Major League Baseball

#31 デーブ・ウィンフィールド(Dave WINFIELD) | OF

デーブ・ウインフィールド

  • 1973年6月ドラフト・パドレス1位(全米4番目)
  • 1951年10月3日生 右投右打 201センチ 100キロ
  • ミネソタ州出身

選手の紹介文
パドレスのキャプで殿堂入りを決めたウインフィールド。鳴り物入りでメジャー入りし、走攻守で万能ぶりを発揮したデーブ・ウインフィールド。FA時代到来と共に大型契約を交わし話題になるものの、念願の世界一を果たすには晩年まで待たなければならなかった。オールスター出場も12回を数え、通算安打数は3110本を数えている。殿堂入りも果たし、背番号31番はパドレスの永久欠番に指定されている。
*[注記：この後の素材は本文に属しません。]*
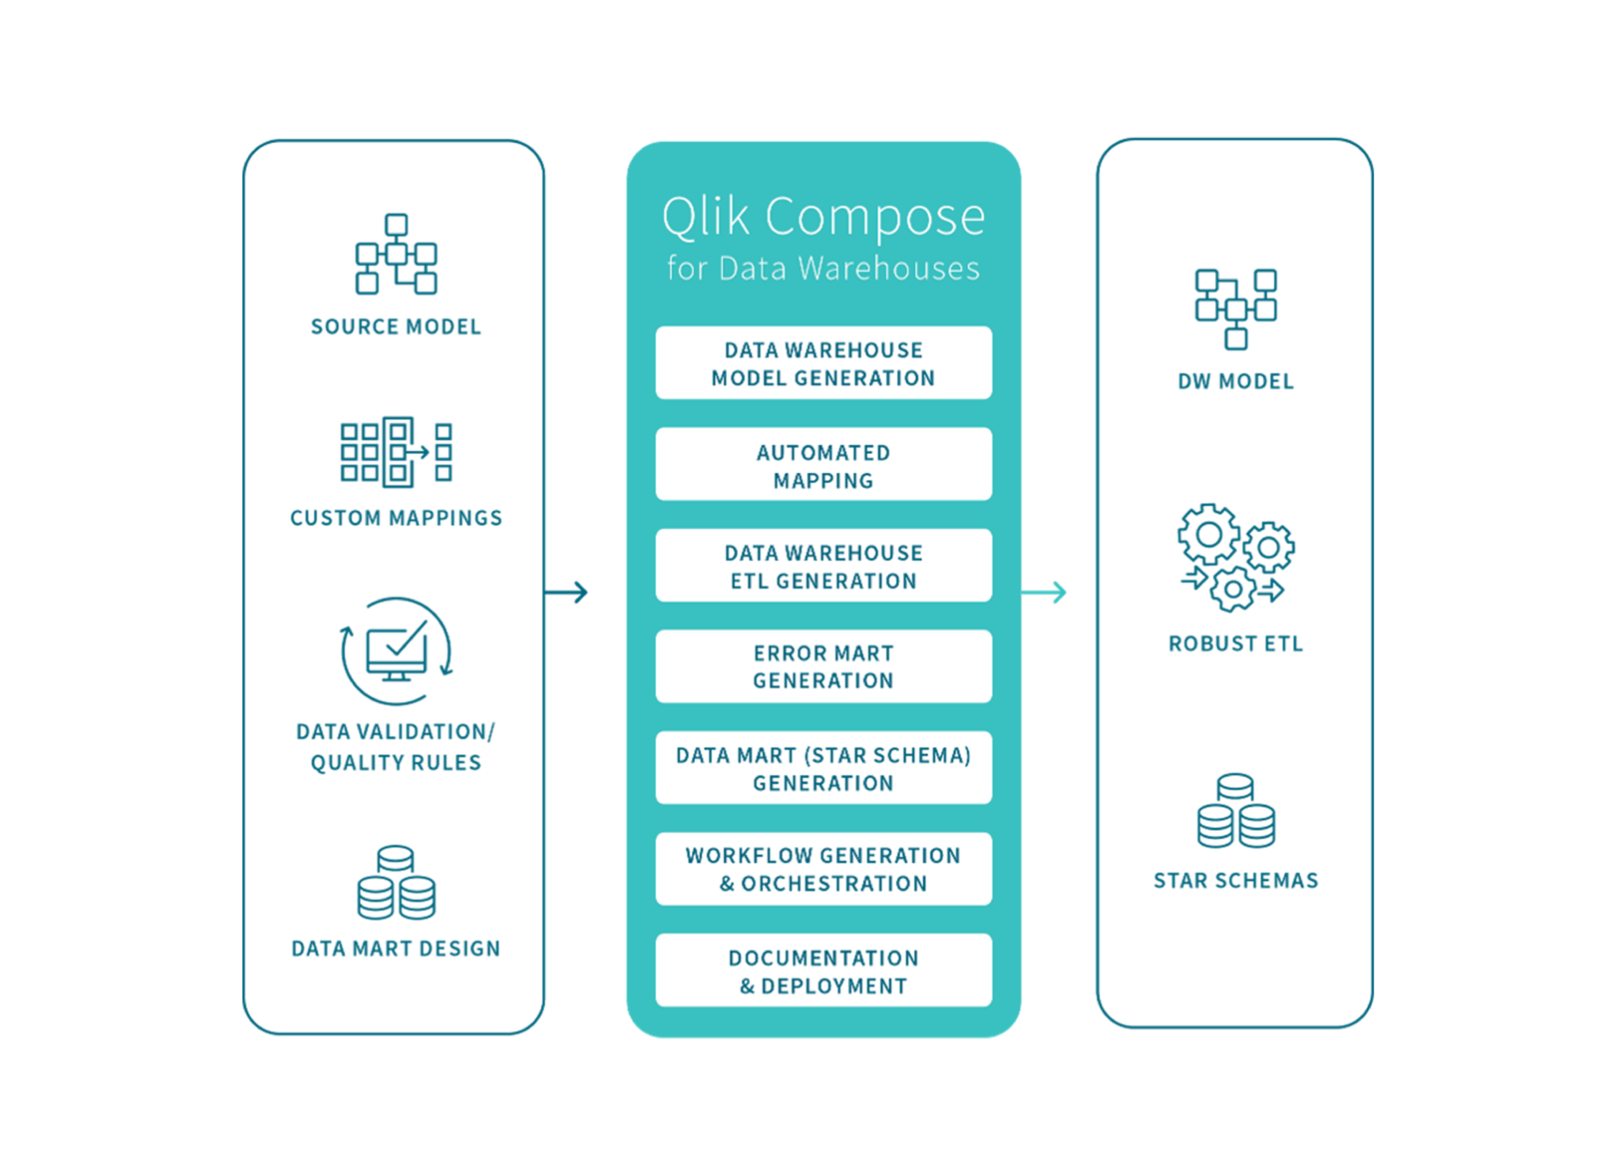 architecture and capabilities of Qlik Compose for data warehouse automation

ミネソタ州セントポールに生まれたウインフィールドだが、生まれた日(1951年10月3日)はジャイアンツのボビー・トムソンがプレーオフで「世界中が聞いたHR」を放った日であり、その時点で運命は決まっていたのかもしれない。幼少時から野球に加え、バスケットボールでも桁違いの実力を見せていた。高校卒業時にはオリオールズから40位指名(全米882番目)を受けるも大学進学を選択している。

大学進学後は、野球では投手として13勝1敗、打者として打率.400をマークすれば、バスケットボールでもスター選手として活躍した。卒業時にはパドレスから1位指名(全米4番目)を受けるが、その他にもNBAのアトランタ・ホークス、ABAのユタ・スターズというバスケットボールの2リーグに加え、大学時代はプレーしていないアメリカンフットボールでもNFLのミネソタ・バイキングスからもドラフト指名を受けたのである。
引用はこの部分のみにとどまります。